Пока переводчик говорил, Леонид думал о другом. До его сознания долетали отдельные фразы. Мысли витали вокруг Тульского, но, услышав слово провокатор, Леонид встал и подошел к Пуранковскому.
— Вы в этом убеждены? — спросил он.
— Вполне! — ответил переводчик. — Рощин будет прощен — предварительно поцелует сапоги нового начальника.
— Маневр и милосердие разыгрывают господа начальники, — сказал Шаров, — но Рощину номер не пройдет!
— Спасибо, Владимир! От всего сердца благодарю! — и Леонид крепко пожал руку переводчика.
— Вы можете рассчитывать на мою помощь всегда и считайте меня взамен погибшего товарища! — сказал гордо Пуранковский.
… Их вывели за проволоку рано утром. Ярко светит солнце, необычное в этих краях в данное время года, согревая теплом Тульского в последний раз.

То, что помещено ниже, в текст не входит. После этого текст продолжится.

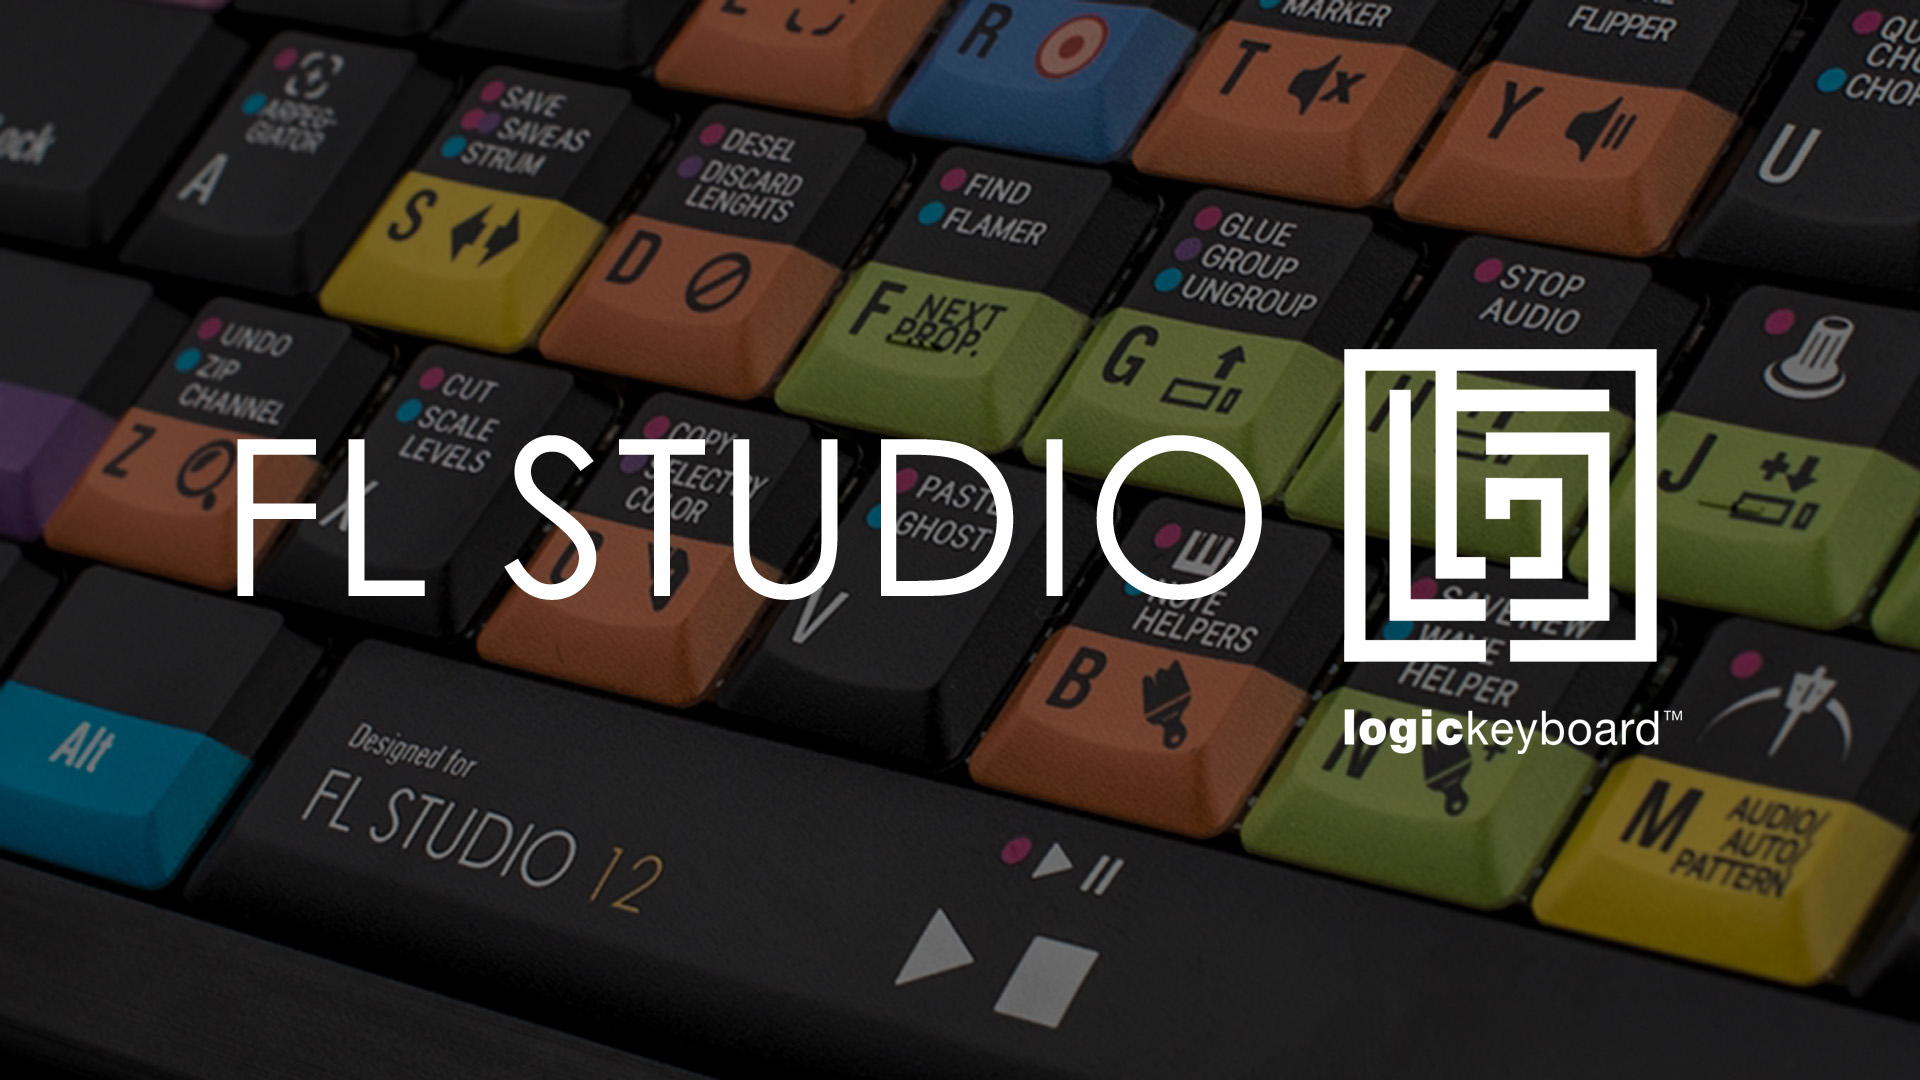 fl studio 12 keyboard shortcuts

— Вернетесь, сообщите в бригаду, что я честно погиб за родину, — крикнул он и запел «Интернационал».
Принесли лопаты и кирки. Военнопленные лагеря сгрудились около проволоки. Тульский роет для себя могилу, двое стоят на коленях. Рощин целует сапоги начальника. Помиловали обоих, и Рощина и Волкова. Они бегут в барак, не чувствуя под собой земли.
Но напрасно спешил Рощин в барак. Там ожидала его бесславная смерть.
— Тульский погибнет как герой, а ты — как подлец. Я готов таких негодяев бить каждый день, — произнес инвалид и ударил Рощина по голове поленом.
— За что? — спросил Волков, когда Рощин замертво пал.
— Ты ничего не видел и не знаешь! — гневно сказал инвалид, вытирая слезы грязным рукавом. — Иначе тебя ждет участь предателя! Иди в барак!
Тульского не видно, куча земли над ямой растет. Наконец он вылезает, садится на край могилы и закуривает. Всегда раздраженный и нервный, Тульский перед смертью необычайно спокоен. Палачи ожидают, когда приговоренный закончит курить, не хотят лишить последнего удовольствия, беседуют между собой.
Мецала уговаривает начальника, но он неумолим, по-видимому, вопрос решен окончательно. Пуранковский и Мецала удаляются в барак, чтобы не слышать выстрела. Добровольным палачом напросился санитар сержант Луйко. Он становится против Тульского в двух шагах и поднимает пистолет. Солнце светит в глаза Ивану. Он подносит руку к глазам, чтобы было удобно смотреть на убийцу.
— Встань на колени и проси у начальника прощения! — говорит Луйко.
— Моряки на колени не становятся и пощады не просят!
Тульский смотрит в глаза палачу.
— Отвернись! Встань спиною ко мне!
— Мы привыкли смотреть смерти в глаза!
Луйко нажал спуск — раздался выстрел. Тульский продолжал стоять. Убийца промахнулся. Рука с пистолетом была от головы моряка не более чем на полметра. Чтобы не потерять остатков самообладания, Луйко делает еще шаг и вплотную приставляет пистолет к груди Тульского.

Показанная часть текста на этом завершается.